Behavior Suite for RL
What it says
A “good” RL agent might not be the agent that simply has the best score on a certain environment. An efficient RL algorithm must handle the various challenges the RL framework gives:
- Generalization from collected data
- Eexploration-exploitation tradeoff
- Long-term planning
It is difficult to assess these features of an agent in a separated setting. For this reason, the authors created bsuite, a collection of diagnostic experiments to analyze the capabilities of RL agents and provide insight.
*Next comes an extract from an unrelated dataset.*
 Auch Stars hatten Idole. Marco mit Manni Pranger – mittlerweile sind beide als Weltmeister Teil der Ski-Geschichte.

In bsuite, Each environment is designed to measure the agent’s capabilities on a certain issue. It is designed to be challenging enough to push agents beyond their capabilities, while being simple enough to be able to focus on key issues. As a benchmark, these environments are also fast and scalable.
The authors emphasize that bsuite will be continuously developed, with new experiments added from the research community.
Read more
- Behaviour Suite for Reinforcement Learning (ArXiv Preprint)
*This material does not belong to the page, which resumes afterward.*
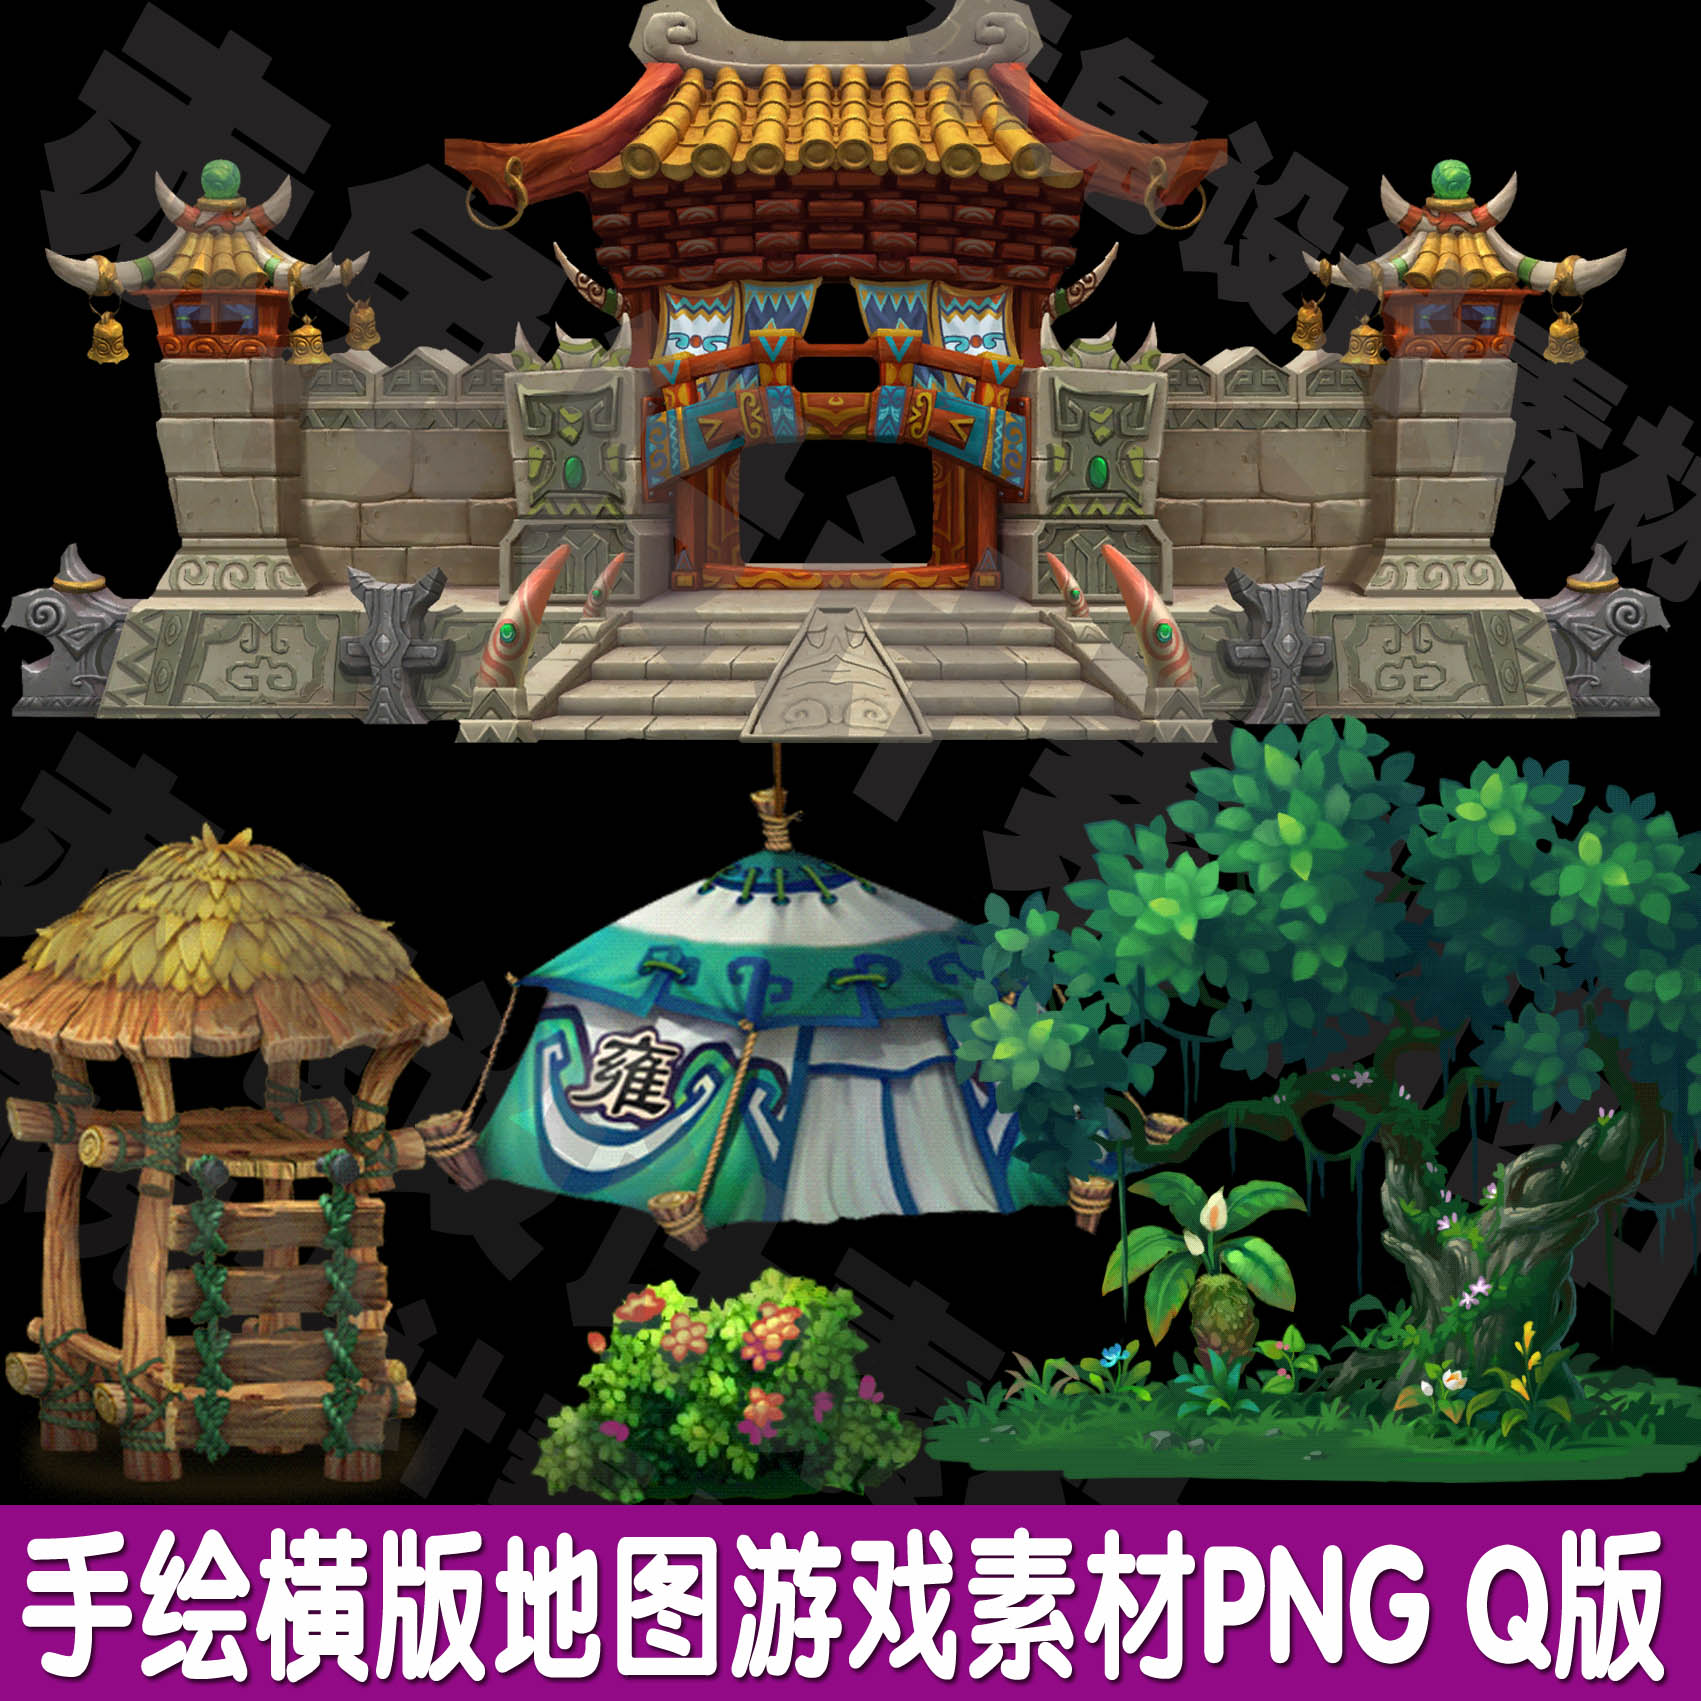 游戏原画资源场景素材2D资源横版地图手网游Q版手绘建筑场景PNG

- bsuite - Behaviour Suite for Reinforcement Learning (GitHub Repo)
“Superstition” in the Network
What it says
Deep RL agents have been successful in a lot of games, yet it still fails on many games. To characterize the environments that “trick” the agent well, the authors present four “deceptive” games, each with a different type of deception.
The first is DeceptiCoins (Top left). The agent can choose between two paths: left and right. The left path has an earlier but smaller reward, and the right path has delayed but greater reward. This is the classical exploration vs. exploitation problem.
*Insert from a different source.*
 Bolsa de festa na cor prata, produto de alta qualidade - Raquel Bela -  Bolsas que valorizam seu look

The second is WaferThinMints (Top right), the “Subverted Generalization” problem. The agent is rewarded for collecting mints, but after collecting 9 mints, the agent is penalized for collecting mints. The agent can check the number of mints collected through a small green bar that follows the agent. The agent is deceived to conclude that collecting mints are good, but the expectation is betrayed on the 10th mint.
The third is Flower (Bottom left), the “Delayed Reward” problem. The agent supervises a field with flower seeds that grow into flowers, and the agent is given higher reward for flowers than seeds. The optimal agent should wait until the flower is fully grown, then harvest it quickly.
The fourth is Invest (Bottom right), the “Delayed Gratification” problem. The agent can invest their reward, incurring a penalty, to receive greater reward after some time.
As shown in the table above, the A2C agent fails to learn optimal behavior in many environments.
(The authors examine in great detail how an A2C agent and various planning agents act throughout training. Try formulating a hypothesis about each learning curve, and read their explanation to see if you are correct!)
Read more
External resources
Is Deep RL Really Superhuman on Atari?
What it says
Since Deep Q-Networks (DQN) and its various improvements (namely Rainbow and IQN), the Atari environments provided via the Arcade Learning Environment (ALE) has been labeled as “solved,” with the agents performing in “superhuman” levels in most. The authors propose a benchmark SABER (Standardized Atari BEnchmark for RL) following the advice of Machado et al. about evaluations in ALE (2017). The recommendations are (1) adding stochasticity through “sticky actions,” (2) ignoring the loss of life signal, (3) using the full action space of 18, and (4) averaging performances over 100 episodes.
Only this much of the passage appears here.